Spring Budget 2024
What it means for you – our guide
Following today’s Budget speech, it certainly feels like a General Election is near now, with a headline tax reduction ostensibly funded by abolishing the long standing political hot potato that is the Non-Dom tax regime.
When the initial 2% cut in National Insurance was announced in the Autumn Statement, our publication was sceptical of the impact of the reduction. Whilst undoubtedly a headline grabbing rate cut at the time, the impact of inflationary wage growth combined with freezing of key tax thresholds meant that many people would be paying more Income Tax and National Insurance combined in April 2024 compared to December 2023. However, aggregated with that earlier reduction (which took effect from January 2024 for employees) it is clear that for many, this is a genuine “tax” cut.

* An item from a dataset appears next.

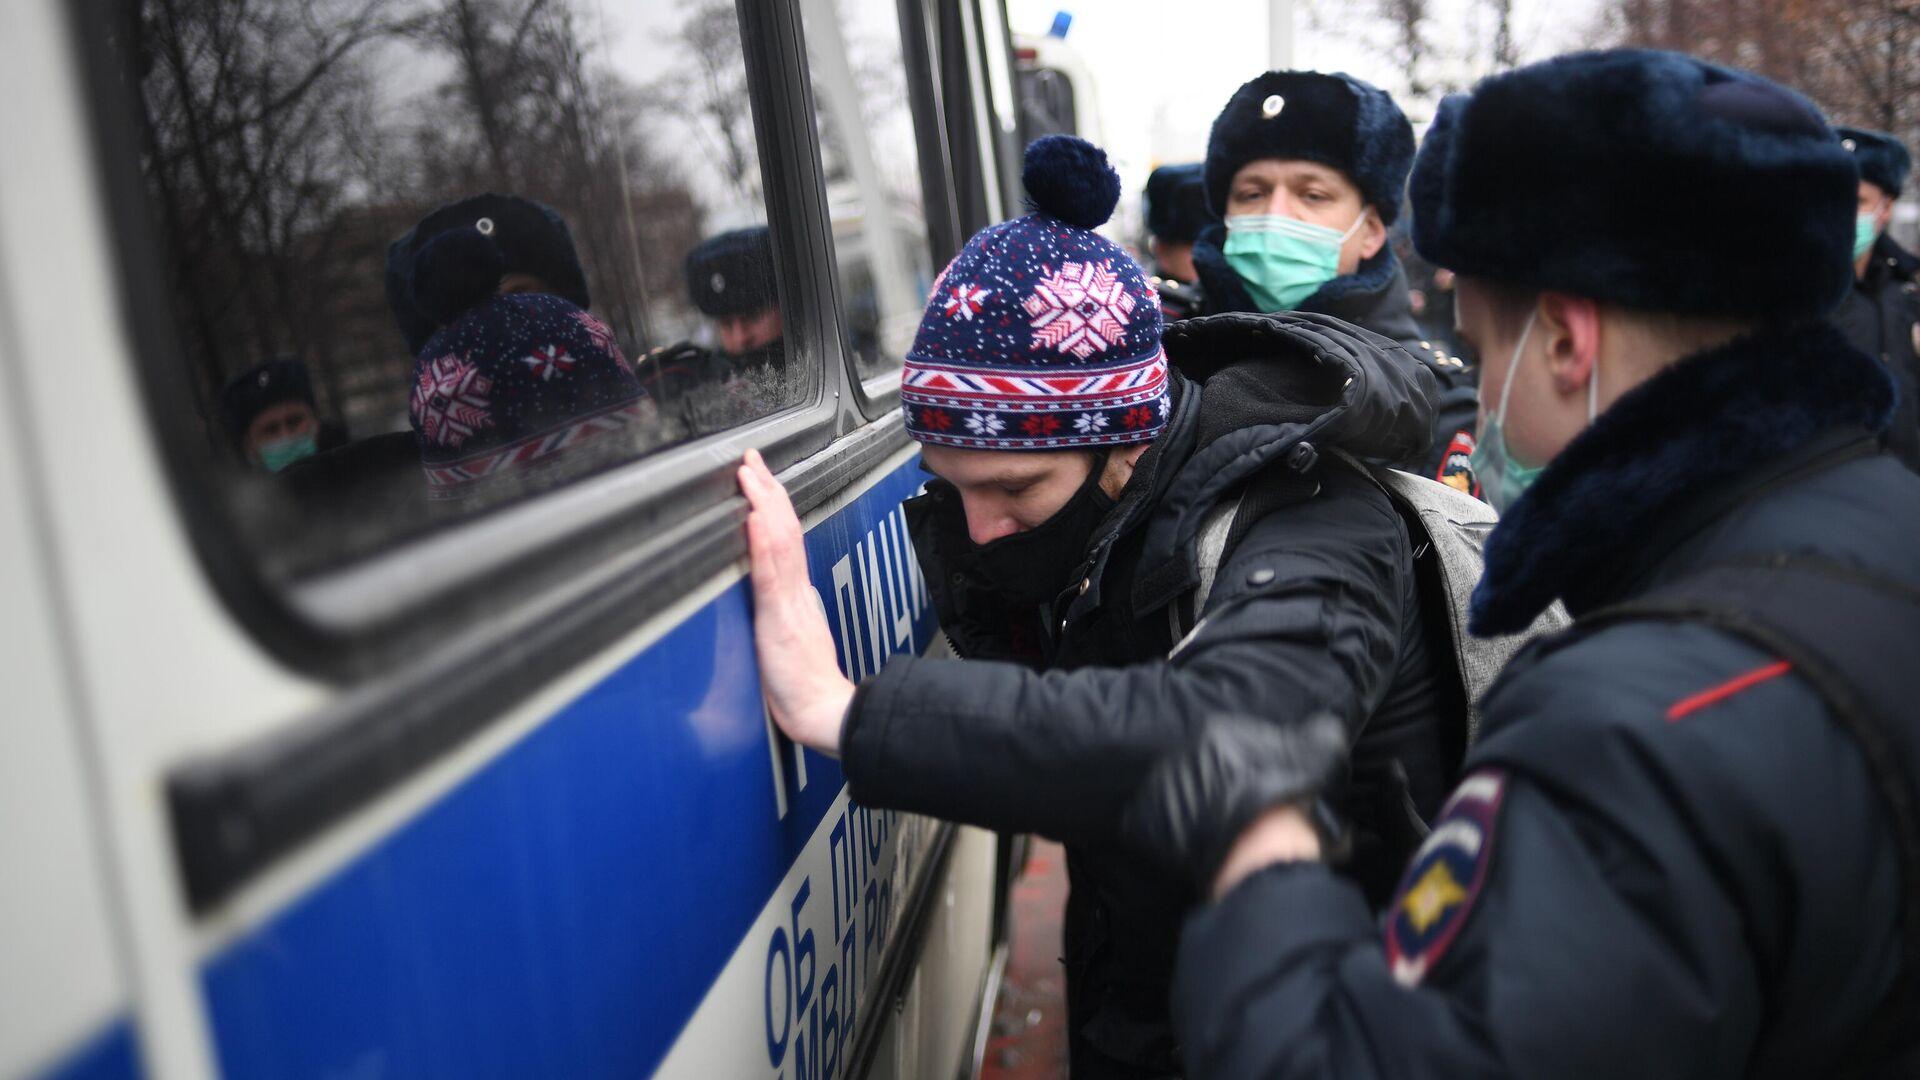 Сотрудники полиции задерживают участника несанкционированной акции сторонников Алексея Навального в Москве - РИА Новости, 1920, 23.01.2021

However, a fundamental aspect of our personal tax system that sadly remains unchanged is the significant complexity that arises from withdrawing reliefs from individuals (and families) as income increases. The removal of Child Benefit, Personal Allowance and the availability of Pension Tax relief at various income thresholds gives rise to effective income tax rates of up to 70% per additional £1 of income. While steps have been taken to increase the threshold at which the clawback of Child Benefit for higher earnings bites (and in the longer term, make the clawback “fairer”), a clawback will still exist and give an effective additional income tax charge.
These complexities mean that for many, the net effect of additional income (promotion, overtime, bonuses) in terms of increased net pay for an individual is completely unknown for both the employee and the employer. A key objective of whichever party wins the election that wishes to incentivise work and increase productivity should be to simplify this complexity so that the tax system is clearer and the consequences of work known – even if this means sacrificing future headline grabbing cuts in the rate of Income Tax.